OBJECTIVES: We sought to assess whether emotional stress-induced acute coronary syndrome (ACS) is mediated by increased inflammatory and vasoconstrictive mediators. BACKGROUND: The World Cup soccer 2006 has been shown to provoke levels of stress sufficient to increase the incidence of ACS. However, the mechanisms by which stress translates into vascular injury up to plaque rupture still remain elusive. METHODS: Serum levels of soluble CD40L (sCD40L), soluble vascular cell adhesion molecule (sVCAM)-1, monocyte chemoattractant protein (MCP)-1, tumor necrosis factor (TNF)-alpha, high-sensitivity C-reactive protein (hsCRP), regulated on activation, normal T-cell expressed and secreted (RANTES), and endothelin (ET)-1 were determined in patients who experienced an ACS during World Cup matches, in ACS reference patients (not associated with emotional stress), and in healthy volunteers. Correlations and receiver-operating characteristic curves were calculated to develop multivariable analysis and to investigate the diagnostic value of each parameter. RESULTS: The sCD40L, sVCAM-1, MCP-1, TNF-alpha, and ET-1 were significantly higher in study patients compared with the reference group. The hsCRP was similar in both groups, whereas RANTES was decreased in study patients. A positive correlation was found between ET-1 and soccer-induced enhanced levels of sCD40L, sVCAM-1, MCP-1, and TNF-alpha. Receiver-operating characteristic analysis displayed high performance of both MCP-1 and ET-1 as a measure to discriminate between stress-induced ACS and ACS controls. CONCLUSIONS: Stress-induced ACS is associated with a profound increase of inflammatory and vasoconstrictive mediators. The evaluation of a targeted drug delivery, such as anti-inflammatory agents, ET-1 receptor antagonists, or inhibition of endothelin-converting enzyme is warranted to reduce stress-mediated cardiovascular morbidity.

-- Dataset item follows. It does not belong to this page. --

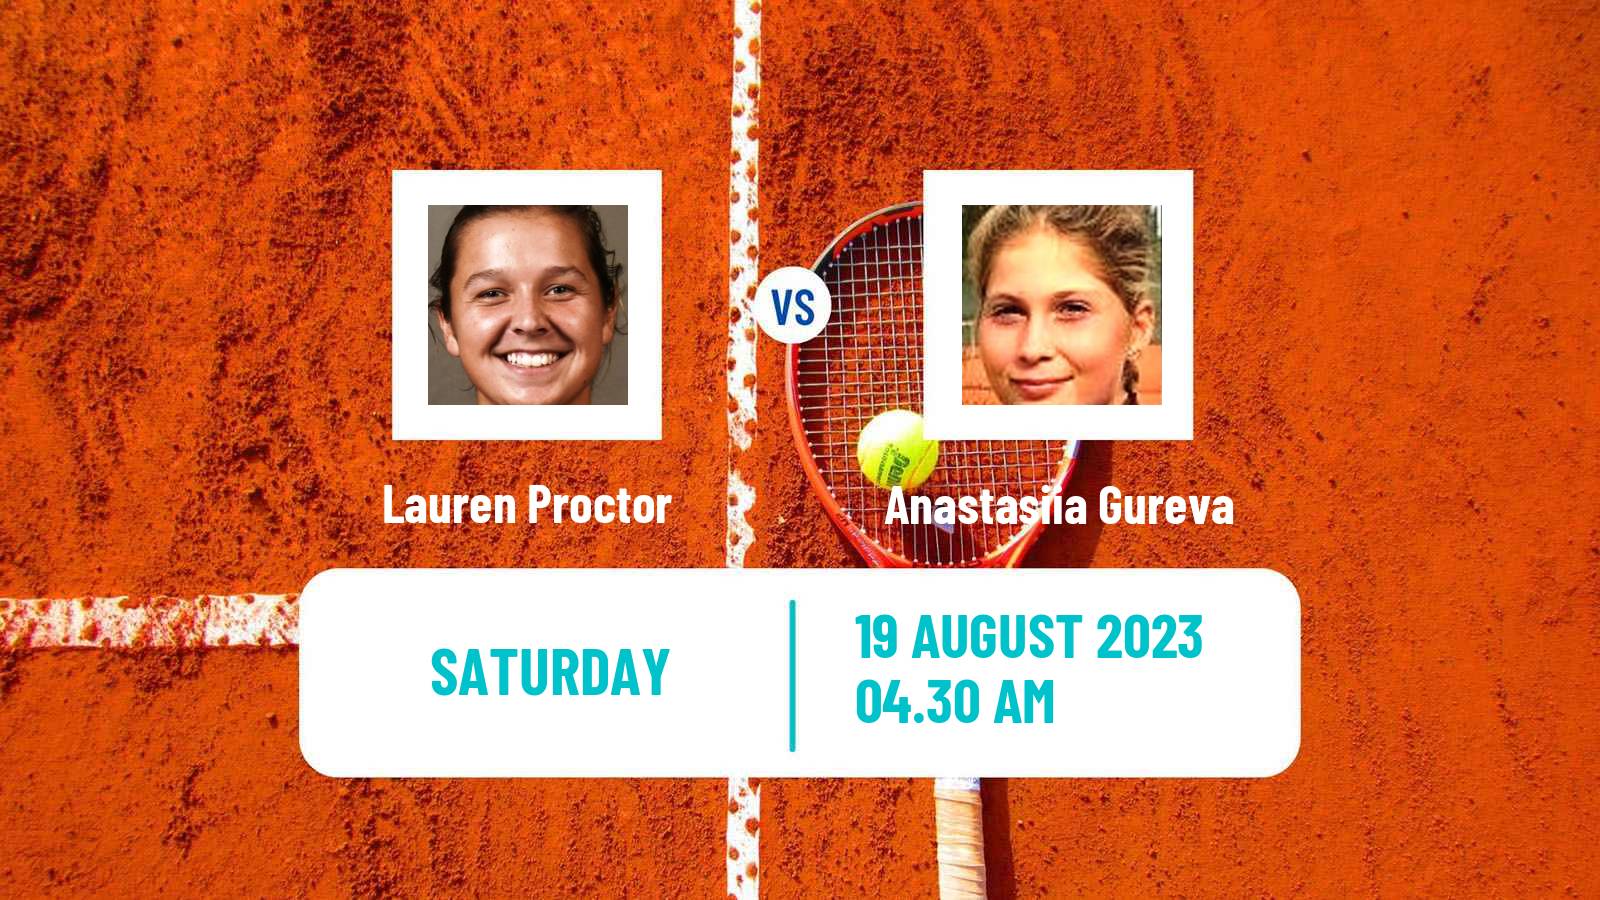 Tennis ITF W15 Monastir 28 Women Lauren Proctor - Anastasiia Gureva

Effects of corticotropin-releasing hormone (CRH) on monocyte function, mediated by CRH-receptor subtype R1 and R2: a potential link between mood disorders and endothelial dysfunction?

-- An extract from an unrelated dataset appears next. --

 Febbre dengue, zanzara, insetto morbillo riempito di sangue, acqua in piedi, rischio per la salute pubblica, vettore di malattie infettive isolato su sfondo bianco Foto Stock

Psychosocial factors have been reported to be independently associated with coronary heart disease (CHD). Though corticotropin-releasing hormone (CRH) is the major hormone activated during adaptive responses to stressful stimuli, the undergoing pathophysiological mechanism related to stress-induced endothelial dysfunction is still poorly understood. This study sought to investigate the effects of extrahypothalamic CRH on monocyte/endothelium adhesion. Second we elucidate the influence of CRH on monocytic endothelin-1 (ET-1) and nitric oxide (NO) release and the receptors involved. Cell adhesion was determined using an adhesion assay, MAC-1 expression by flow cytometry. ET-1/NO release were quantified via ELISA or fluorometrically, monocytic CRH-receptors were confirmed by mRNA. Corticotropin-releasing hormone induced a significant time- and concentration-dependent increase of cell adhesion as well as monocytic MAC-1 expression; endothelial ICAM-1 and VCAM-1 expression was not altered. In addition, corticotropin-releasing hormone significantly increased monocytic ET-1 release whereas nitric oxide release was decreased. The effect was abolished by the selective CRH-receptor antagonist astressin. Our findings support the importance of peripherally circulating corticotropin-releasing hormones, by influencing specific homeostatic properties of monocytes. Our data may provide a novel concept of how specific CRH-receptor antagonists may prevent CRH (stress)-related endothelial dysfunction up to cardiovascular complications.